UPDATE: Autosport reports that Tanner Foust has also withdrawn from the World Rallycross Championship event in Turkey, citing personal reasons.

It will ultimately be up to the FIA to decide whether the event should go on.

Ken Block may be best-known for his Gymkhana video series, but over the past couple of years, he's begun competing on the world stage as well. He's competed in the Rally America series and even in the World Rally Championship, albeit with limited success. The Red Bull Global Rallycross series and FIA World Rallycross Championship have been more up his alley, but Turkish fans who'd hoped to see the driftmaster doing his thing in Istanbul this weekend will be disappointed to learn that Block has apparently withdrawn from the event.

The reason, according to reports, comes down to security. Skirmishes along the Syrian border and protests on the streets of Istanbul (on the opposite European side of the country, closer to Greece and Bulgaria) have, according to some, made the country unsafe for visitors. Apparently Block is among those heeding the travel advisories.

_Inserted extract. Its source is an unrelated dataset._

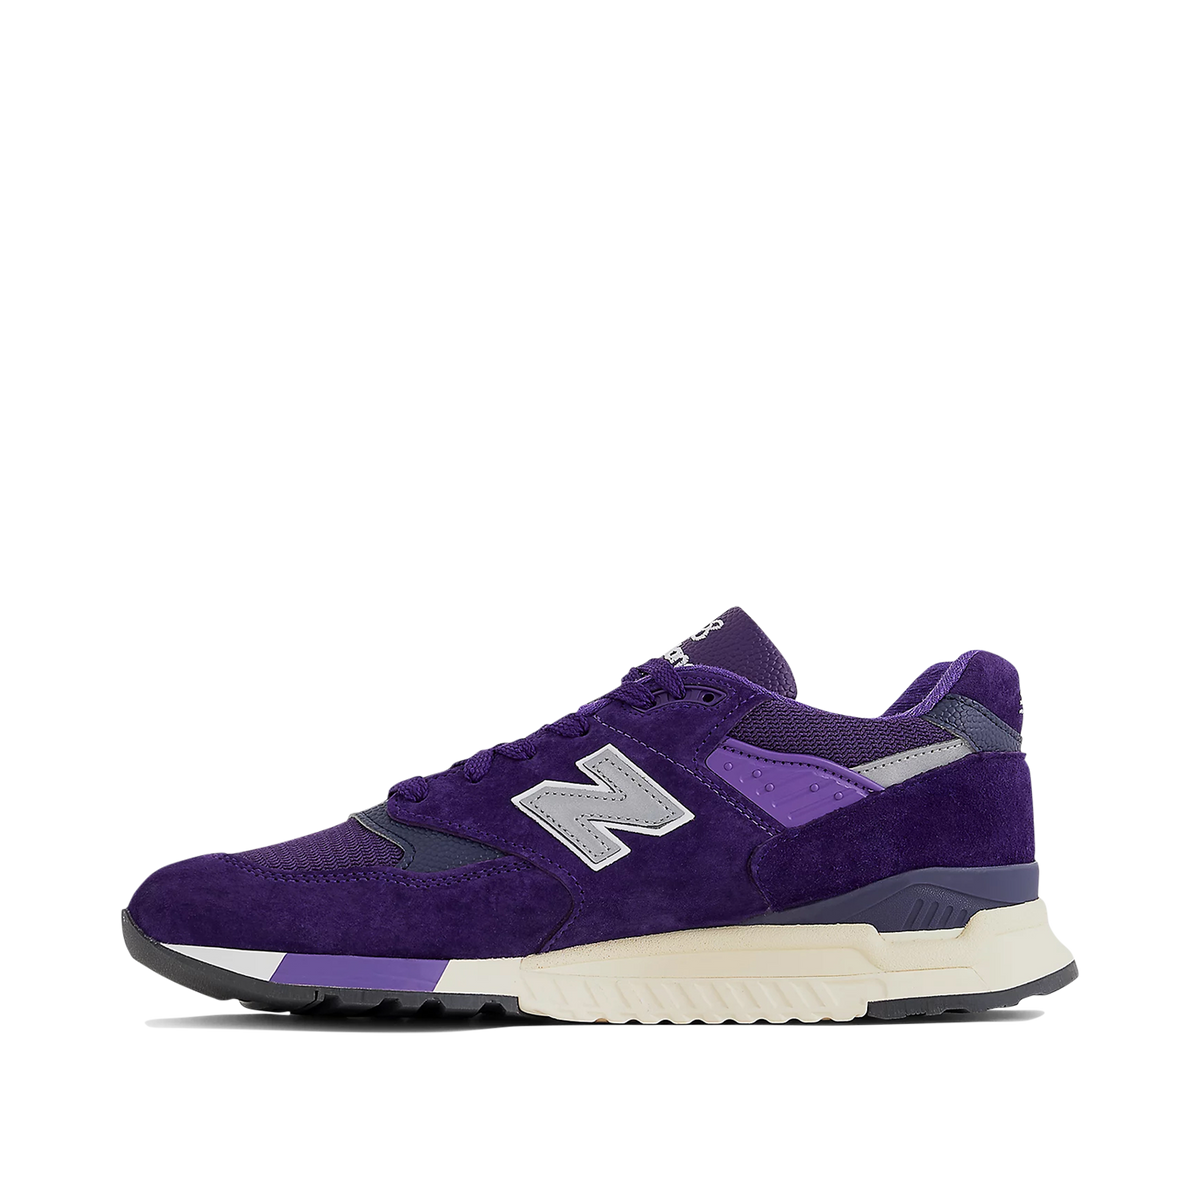 998 MADE in USA - Plum with Silver
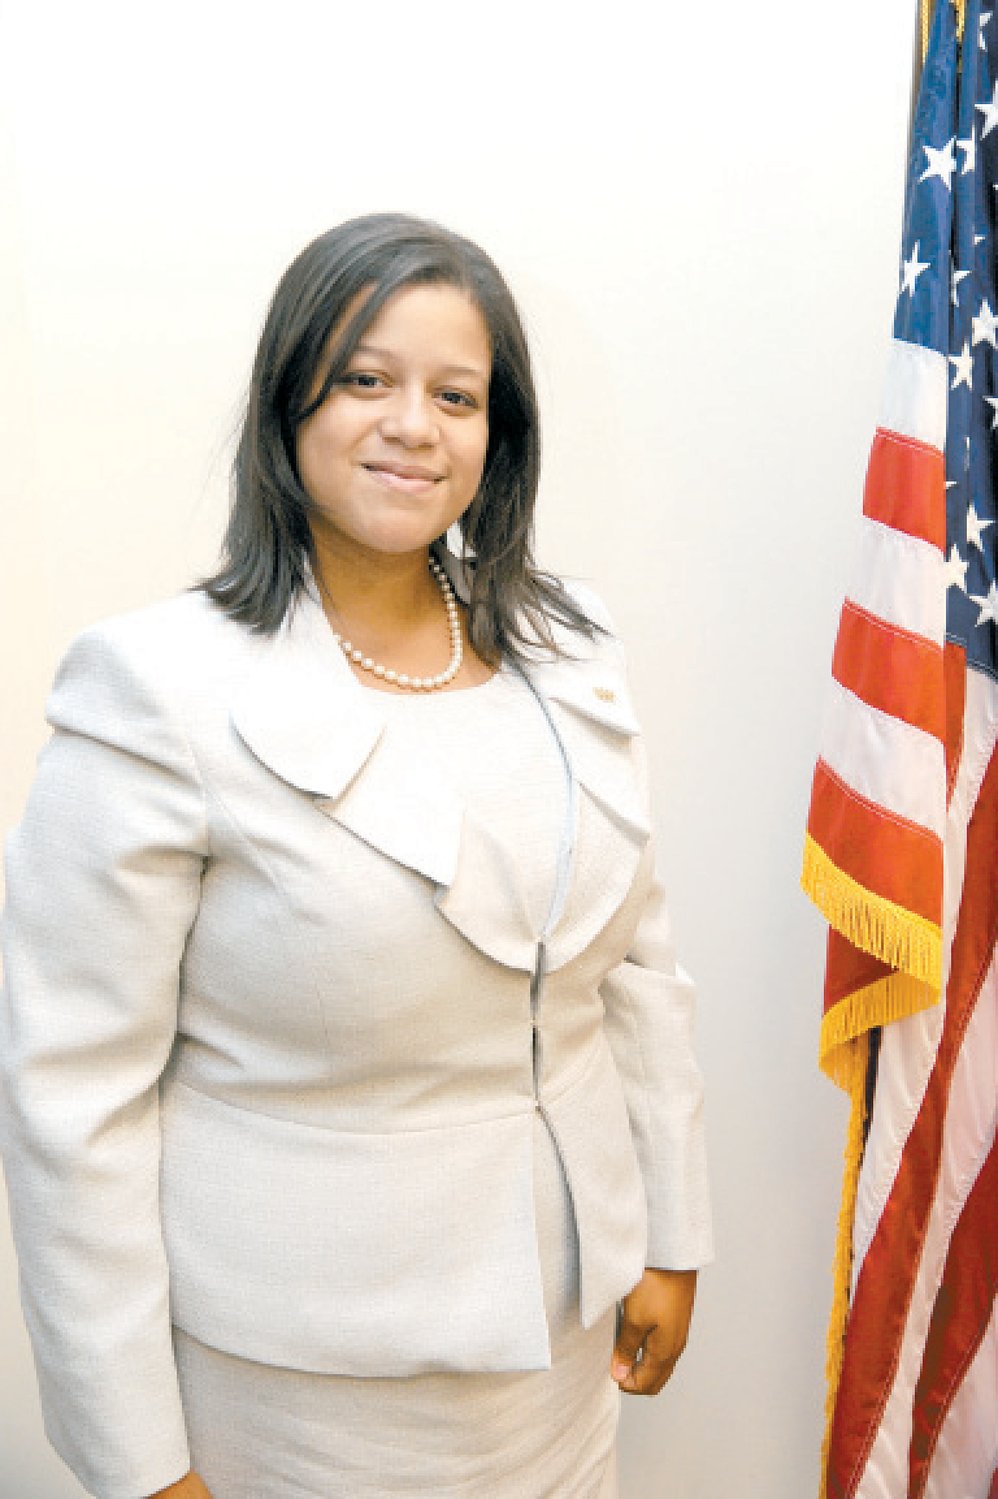 Assemblywoman Michaelle Solages was a co-sponsor of the legalization bill in the Assembly.

Block was set to compete against Tanner Foust at the Turkish rallycross event. We've yet to receive word from Foust, the only other American in the series, on whether he'll still drive in Istanbul, however former F1 World Champion Jacques Villeneuve from Canada cited conflicting commitments preventing him from participating in this weekend's round. It will ultimately be up to the FIA, however, to decide whether the event should go on.

It's not the first time we've seen protests in the region get in the way of motor racing. The Bahrain Grand Prix had to be canceled in 2011 due to political unrest, and there was considerable debate over whether it should have ever returned to the Formula One calendar. The WRC's Jordan Rally was postponed the same year for similar reasons. And, of course, organizers moved the famous Dakar Rally out of nearby North Africa several years ago following repeated and credible threats from al-Qaeda. (The cancellation of the World Touring Car Championship race in Morocco was reportedly due to financial, not political reasons.)

Turkey itself made a splash at the 2006 Turkish Grand Prix when it had its governor of Cyprus, over which there is an ongoing dispute with Greece, present the winner's trophy to Felipe Massa - a controversial political display which reportedly cost the government a $5 million fine.